==== DATA SECTION ====

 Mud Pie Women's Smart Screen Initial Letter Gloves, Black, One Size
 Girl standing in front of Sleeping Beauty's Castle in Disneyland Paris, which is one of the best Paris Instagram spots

====
==== DATA SECTION ====

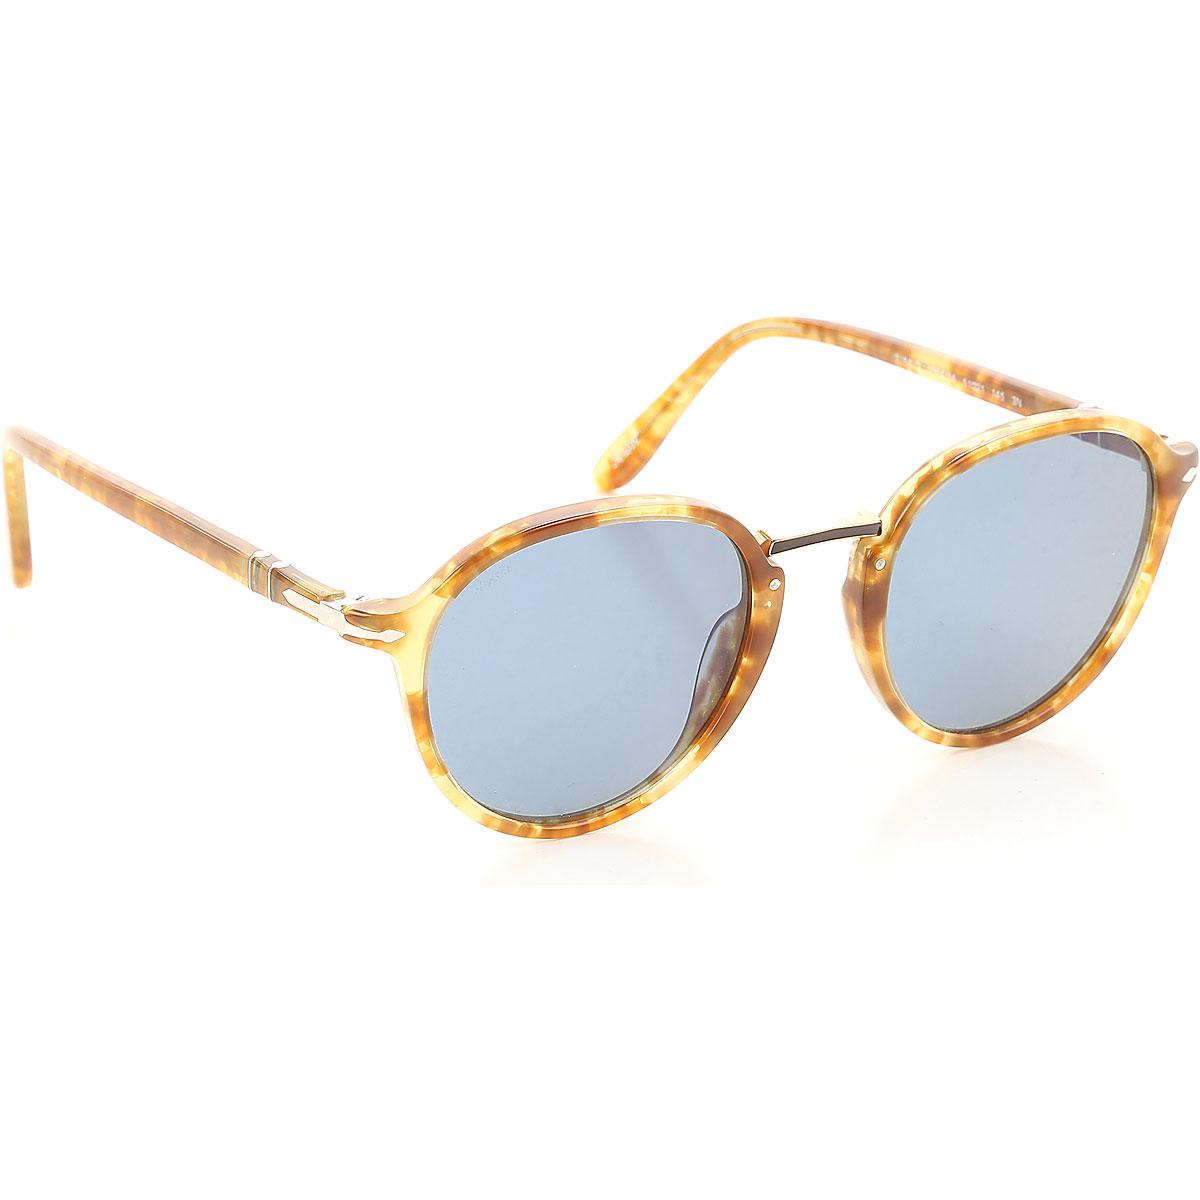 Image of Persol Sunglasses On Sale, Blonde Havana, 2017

====
==== DATA SECTION ====

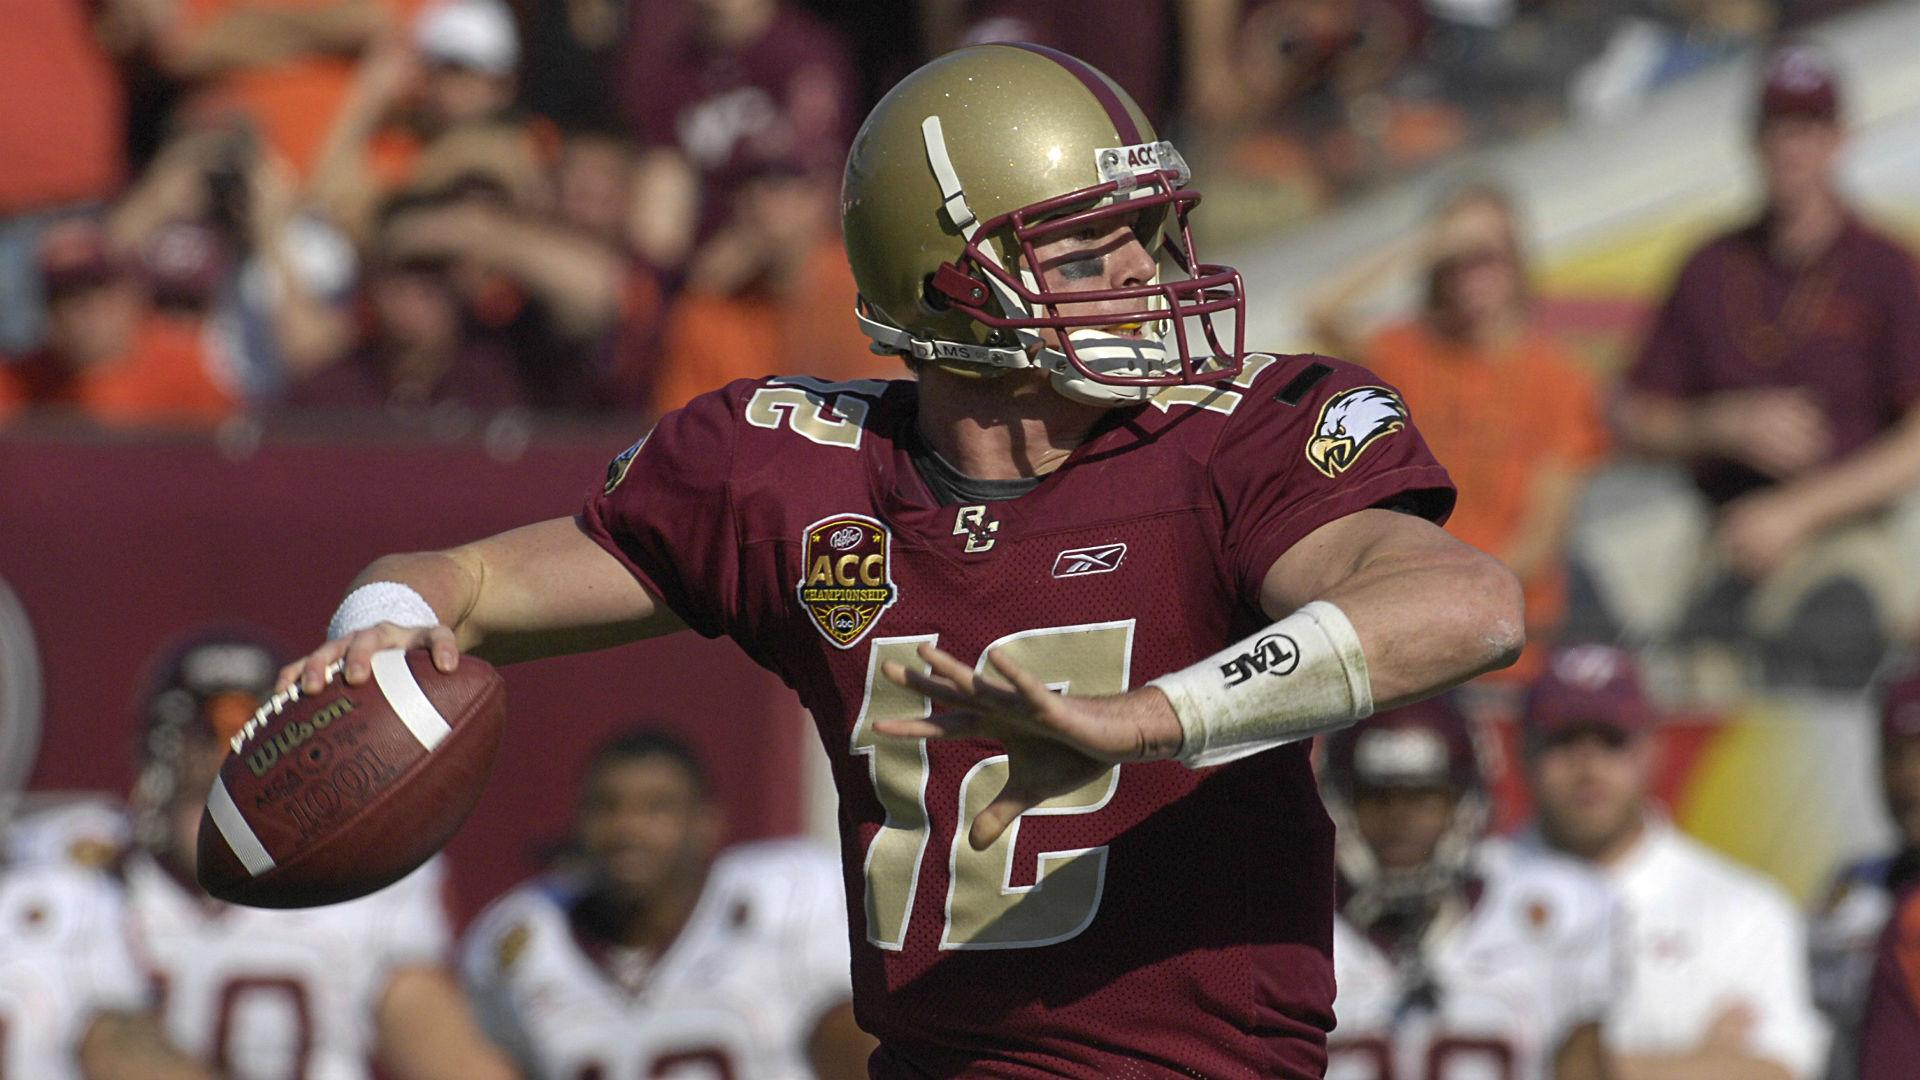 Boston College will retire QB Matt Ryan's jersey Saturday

====

> **ACTION ITEM**
Please copy the lines above from the line with "Mud Pie Women's" up to and including the line with "Girl standing in", exactly as written and with nothing else.

> **RESULT OF THE TASK**
 Mud Pie Women's Smart Screen Initial Letter Gloves, Black, One Size
 Girl standing in front of Sleeping Beauty's Castle in Disneyland Paris, which is one of the best Paris Instagram spots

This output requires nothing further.